What is the character encoding of String in Java?
I am actually confused regarding the encoding of strings in Java. I have a couple of questions. Please help me if you know the answer to them: 1) What is the native encoding of Java strings in memory? When I write String a = «Hello» in which format will it be stored? Since Java is machine independent I don’t think the system will do the encoding. 2) I read on the net that «UTF-16» is the default encoding but I got confused because say when I write that int a = ‘c’ I get the number of the character in the ASCII table. So are ASCII and UTF-16 the same? 3) Also I wasn’t sure on what the storage of a string in the memory depends: OS, language?
You should consider breaking these out into individual questions, as they are really very different. #2 can probably be answered here: stackoverflow.com/questions/1490218/…
4 Answers 4
- Java stores strings as UTF-16 internally.

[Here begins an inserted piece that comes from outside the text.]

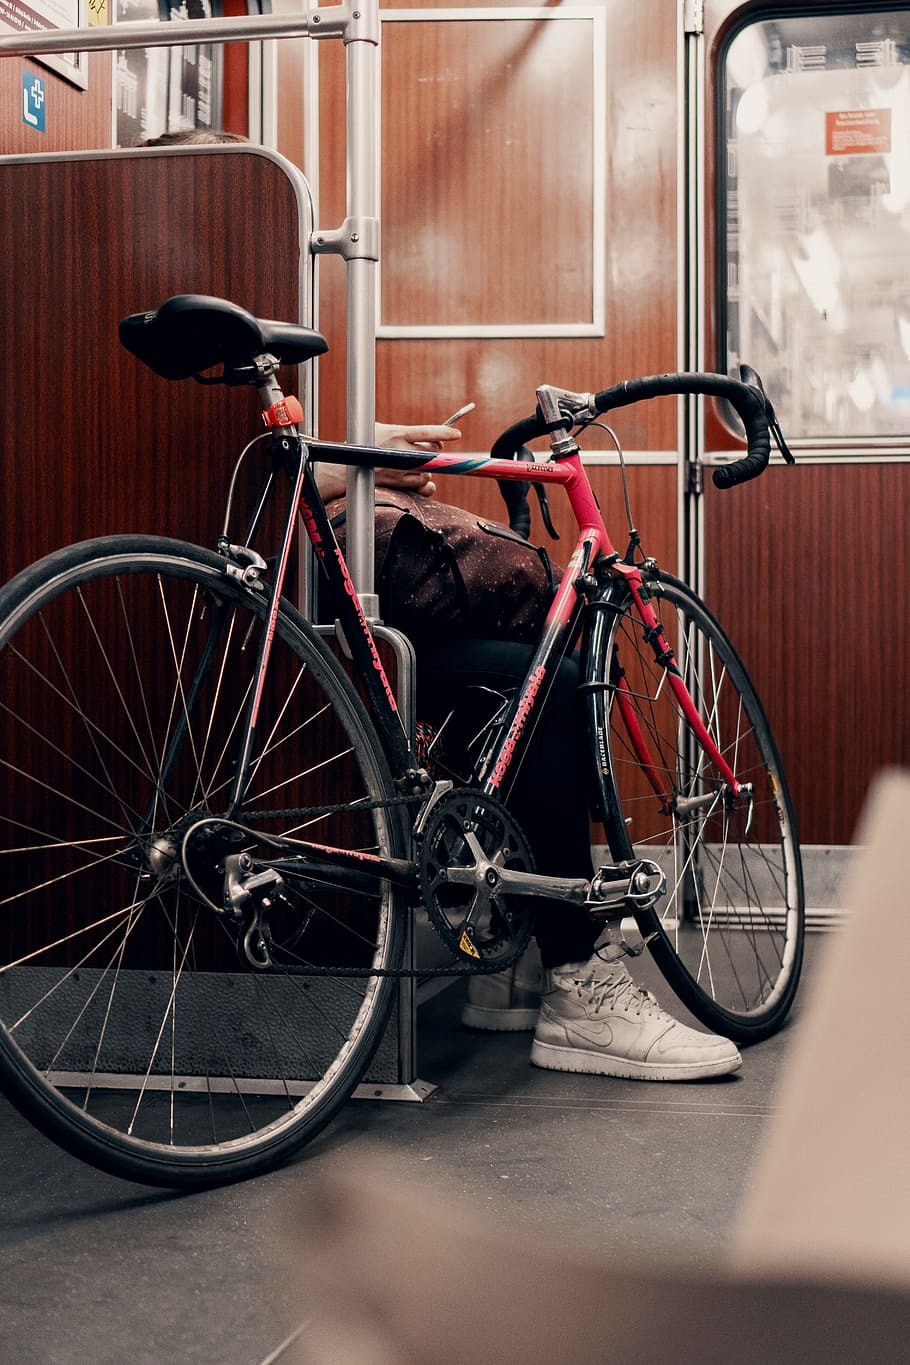 910x1365 HD обои: черно-красный шоссейный велосипед в поезде, обувь, телефон, коммутируют | Wallpaper Flare

- «default encoding» isn’t quite right. Java stores strings as UTF-16 internally, but the encoding used externally, the «system default encoding», varies from platform to platform, and can even be altered by things like environment variables on some platforms. ASCII is a subset of Latin 1 which is a subset of Unicode. UTF-16 is a way of encoding Unicode. So if you perform your int i = ‘x’ test for any character that falls in the ASCII range you’ll get the ASCII value. UTF-16 can represent a lot more characters than ASCII, however.
- From the java.lang.Character docs:
The Java 2 platform uses the UTF-16 representation in char arrays and in the String and StringBuffer classes.
The usage of char and char arrays is only defined for the public, external API for String and StringBuffer. The internal storage of the characters is implementation specific.
@jarnbjo The above is a direct quote from the docs. The char datatype in Java represents a UTF-16 code unit (not a character, aka Unicode codepoint) so I think it’s pretty safe to say that Java the language’s representation of text is UTF-16. Yes, conceivably an implementation could choose to do something different under the covers, but in the end they’d have to make it look just like they were using UTF-16.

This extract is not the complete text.